Ocean and Land Temperature Anomalies¶
The Boyz are back¶
Team Members¶
- Saffian Asghar
- Alexis Culpin
- Romaric Sallustre
- Emilio Espinosa S.
Datasets¶
NOAA dataset¶
The dataset is hosted by NOAA's National Centers for Environmental Information (NCEI). It contains temperature anomaly data, representing deviations from a reference temperature over time.
Technical information
- Data is collected from 1850 - 2023.
- The data is in JSON format.
- Columns of interest: year and data (yearly anomaly).
| Field | Description |
|---|---|
DATE |
Period of time in years. |
DESCRIPTION |
Description of data set itself. |
DATA |
Anomaly in degrees Celsius. |
Data transformation required
- Read JSON.
- Drop the description column.
- Ensure every value within the date and data columns is numeric. The non-numeric values have to be drop.

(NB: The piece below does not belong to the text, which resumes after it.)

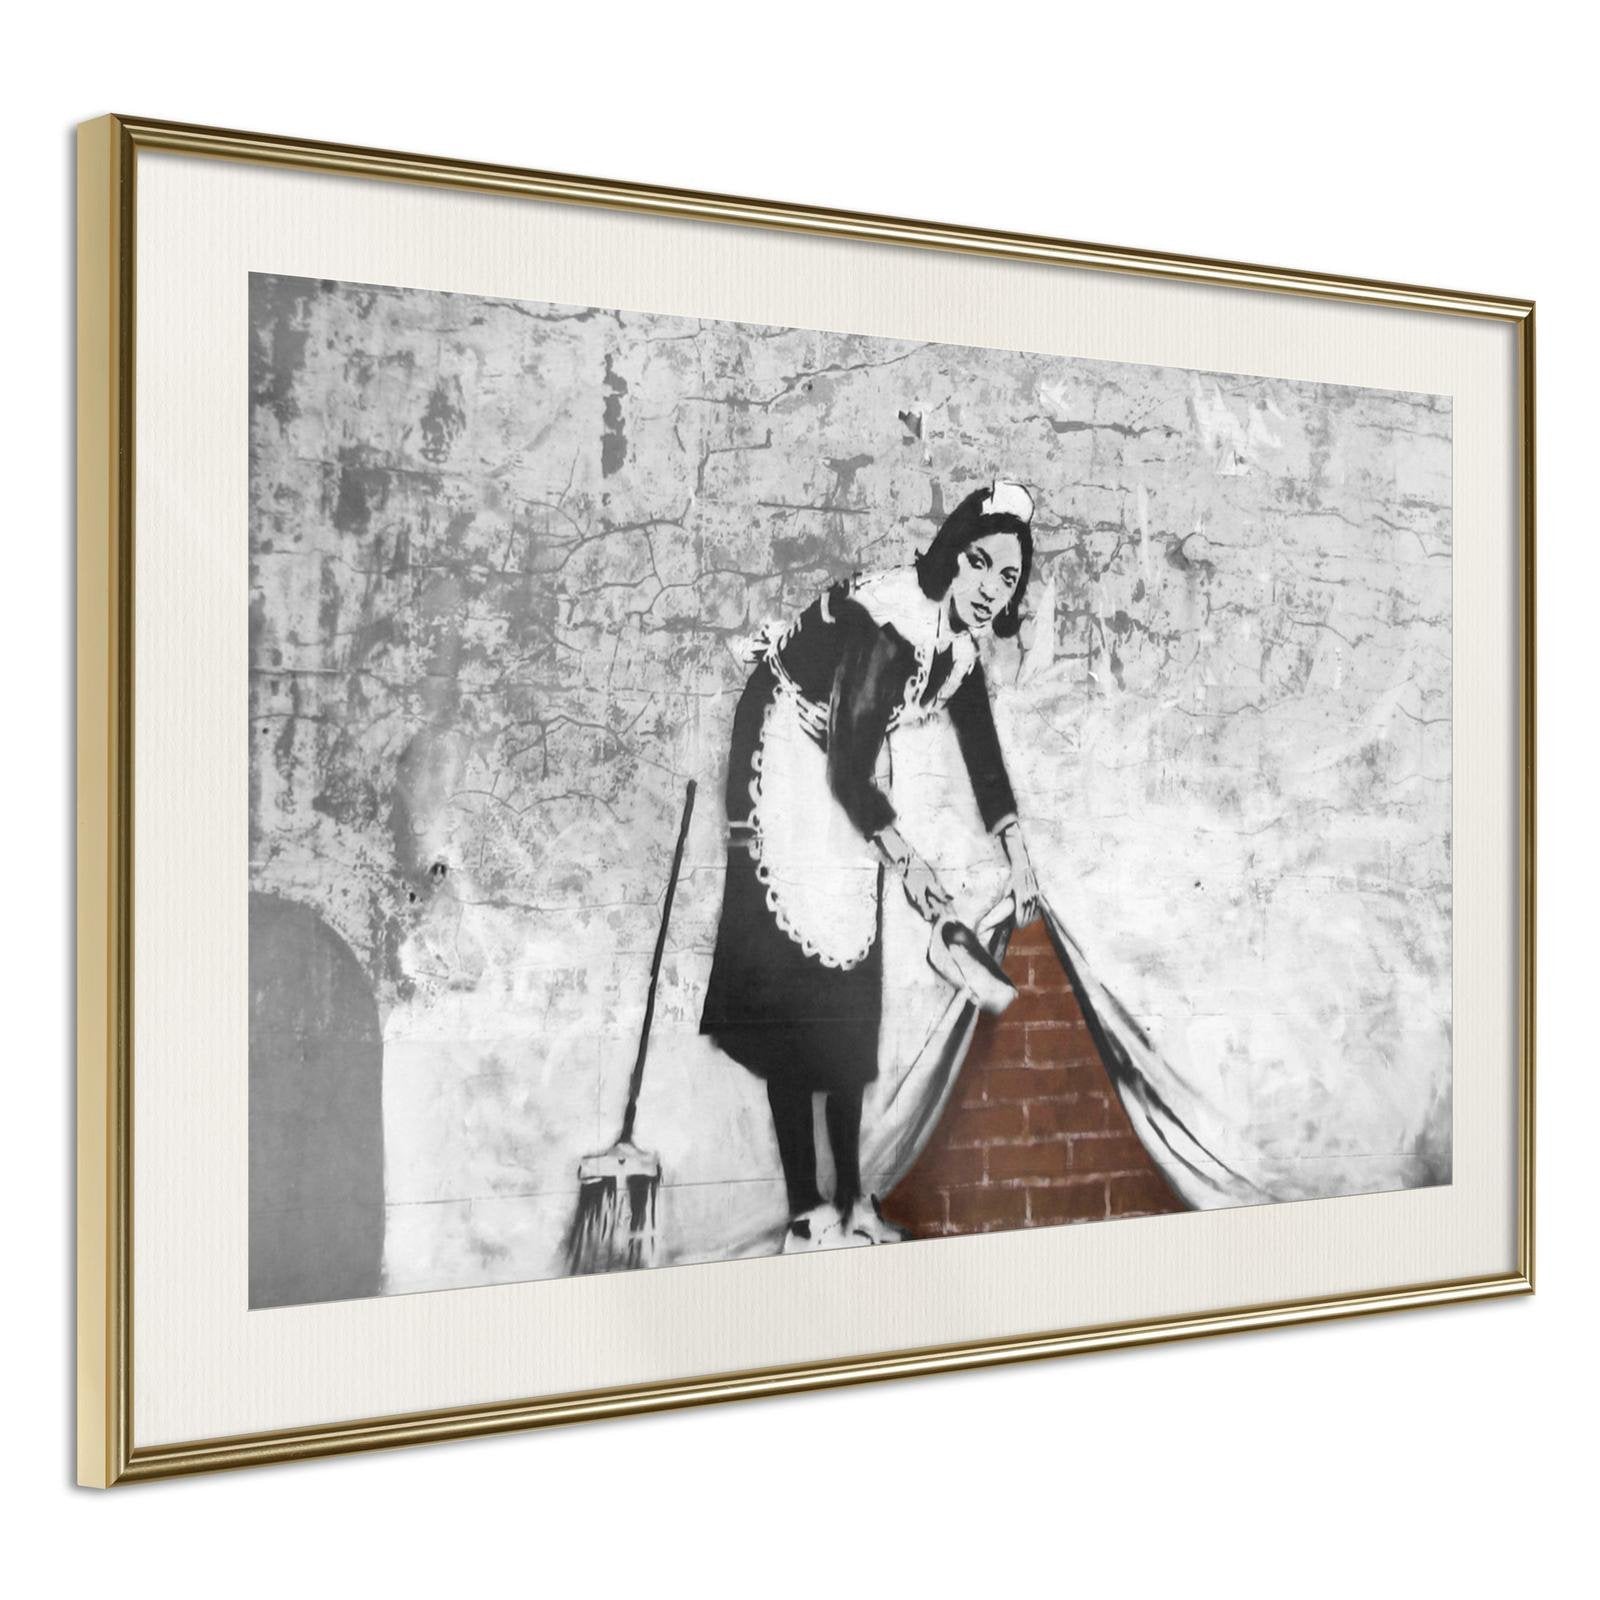 Inramad Poster / Tavla - Banksy: Sweep it Under the Carpet-Poster Inramad-Artgeist-30x20-Guldram med passepartout-peaceofhome.se
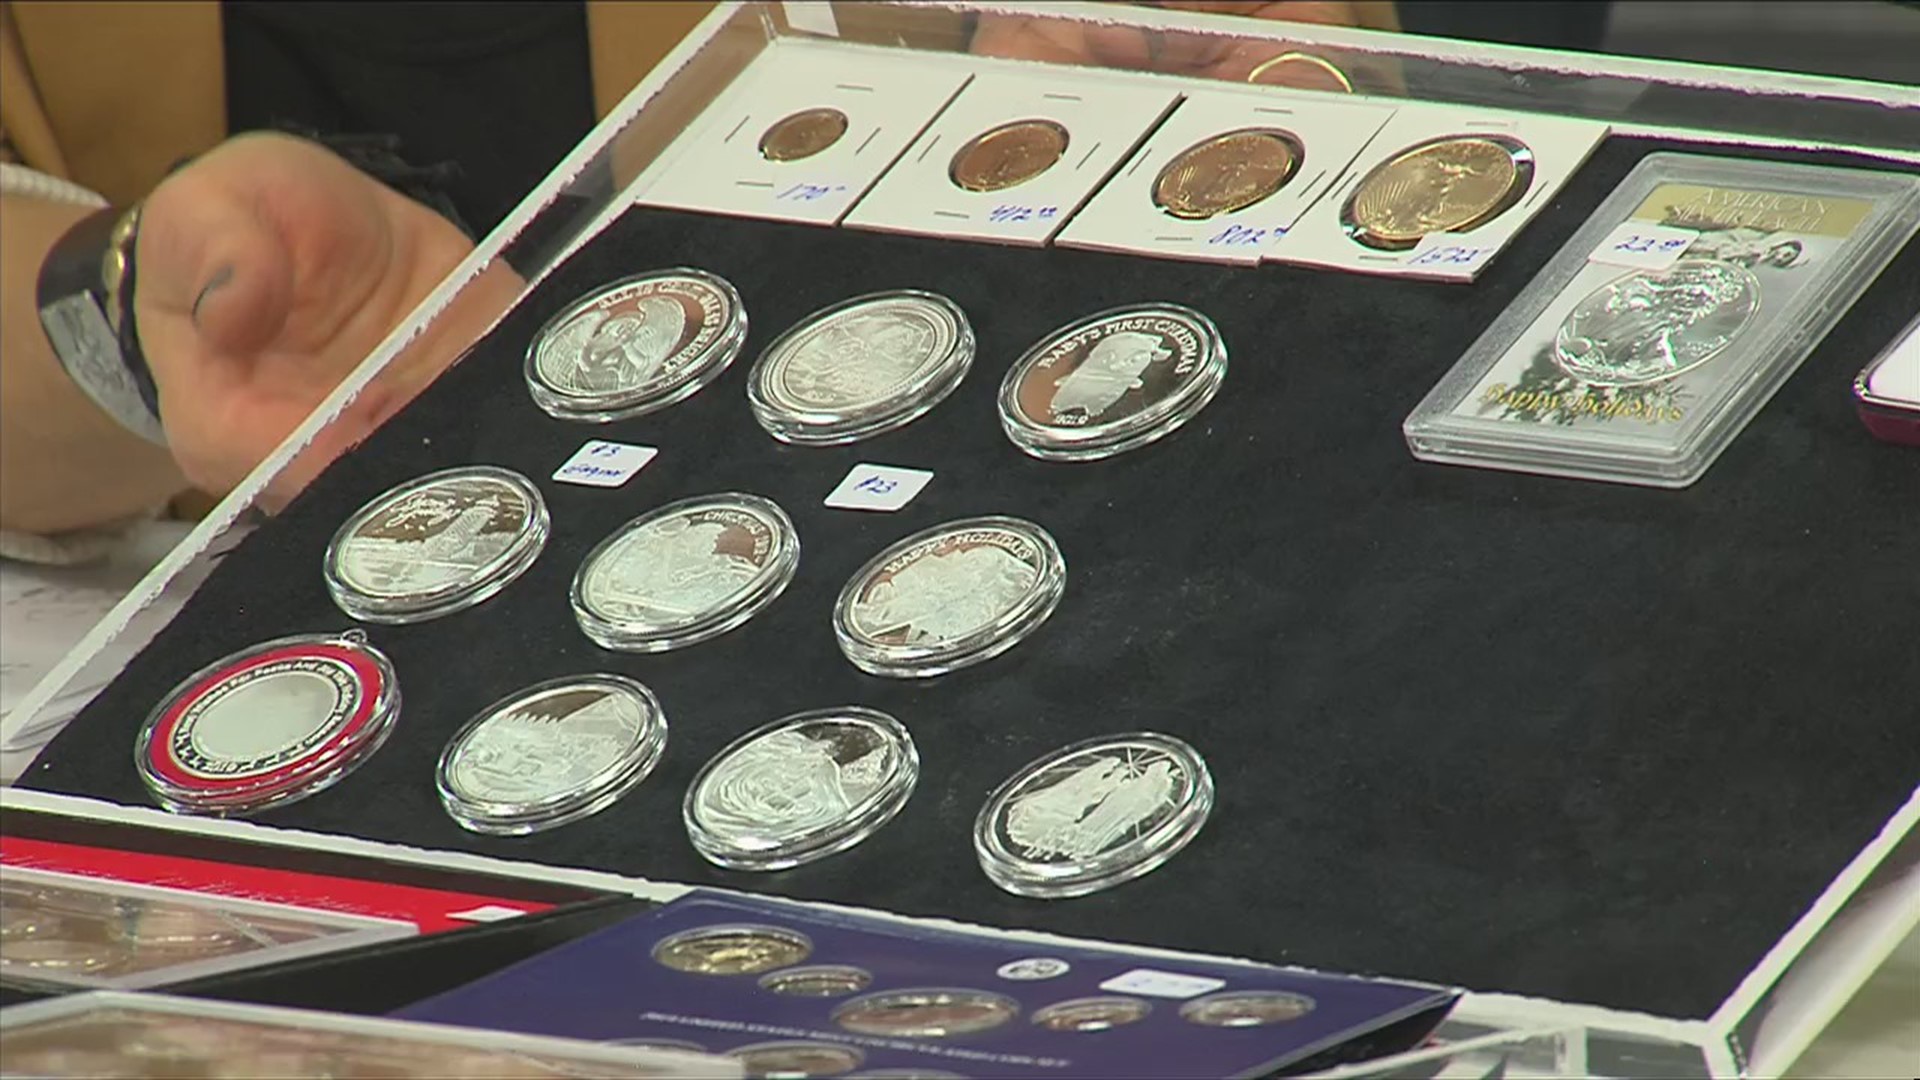 Gift ideas from Christopher's Rare Coins

- Make sure the index (date) is an integer type value.
- Rename data column to NOAAGlobalTemp and add the minimum and maximum years.
Link
License
Creative Commons Attribution 4.0 International license (CC-BY-4.0)
Berkley dataset¶
The dataset is associated with the Berkeley Earth project, an independent climate science organization, the dataset focuses on the "Annual Anomaly" column. Housed on Amazon S3, the data contains raw maximum temperature (TMAX) data, reflecting the highest recorded temperatures.
Technical information
- Data collected from 1850 - 2023.
- The dataset has missing values in 2023.
- The data is in TXT format.
- Columns of interest: year and annual anomaly (difference of temperature from a base reference).
| Field | Description |
|---|---|
YEAR |
Period of time in years. |
MONTH |
Period of time in months. |
MONTHLY ANOMALY |
Monthly anomaly in degrees celsius. |
ANNUAL ANOMALY |
Yearly anomaly in degrees celsius. |
FIVE YEAR ANOMALY |
5 year rolling average anomaly in degrees celsius. |
TEN YEAR ANOMALY |
10 year rolling average anomaly in degrees celsius. |
TWENTY YEAR ANOMALY |
20 year rolling average anomaly in degrees celsius. |
Data transformation required
- Read a space-delimited text file into a pandas DataFrame, ignoring lines that start with "%".
- Group the DataFrame by the 'year' column.
- Calculate the mean of the 'anomaly' column for each year.
- Reset the DataFrame index.
- Set the 'year' column as the new index.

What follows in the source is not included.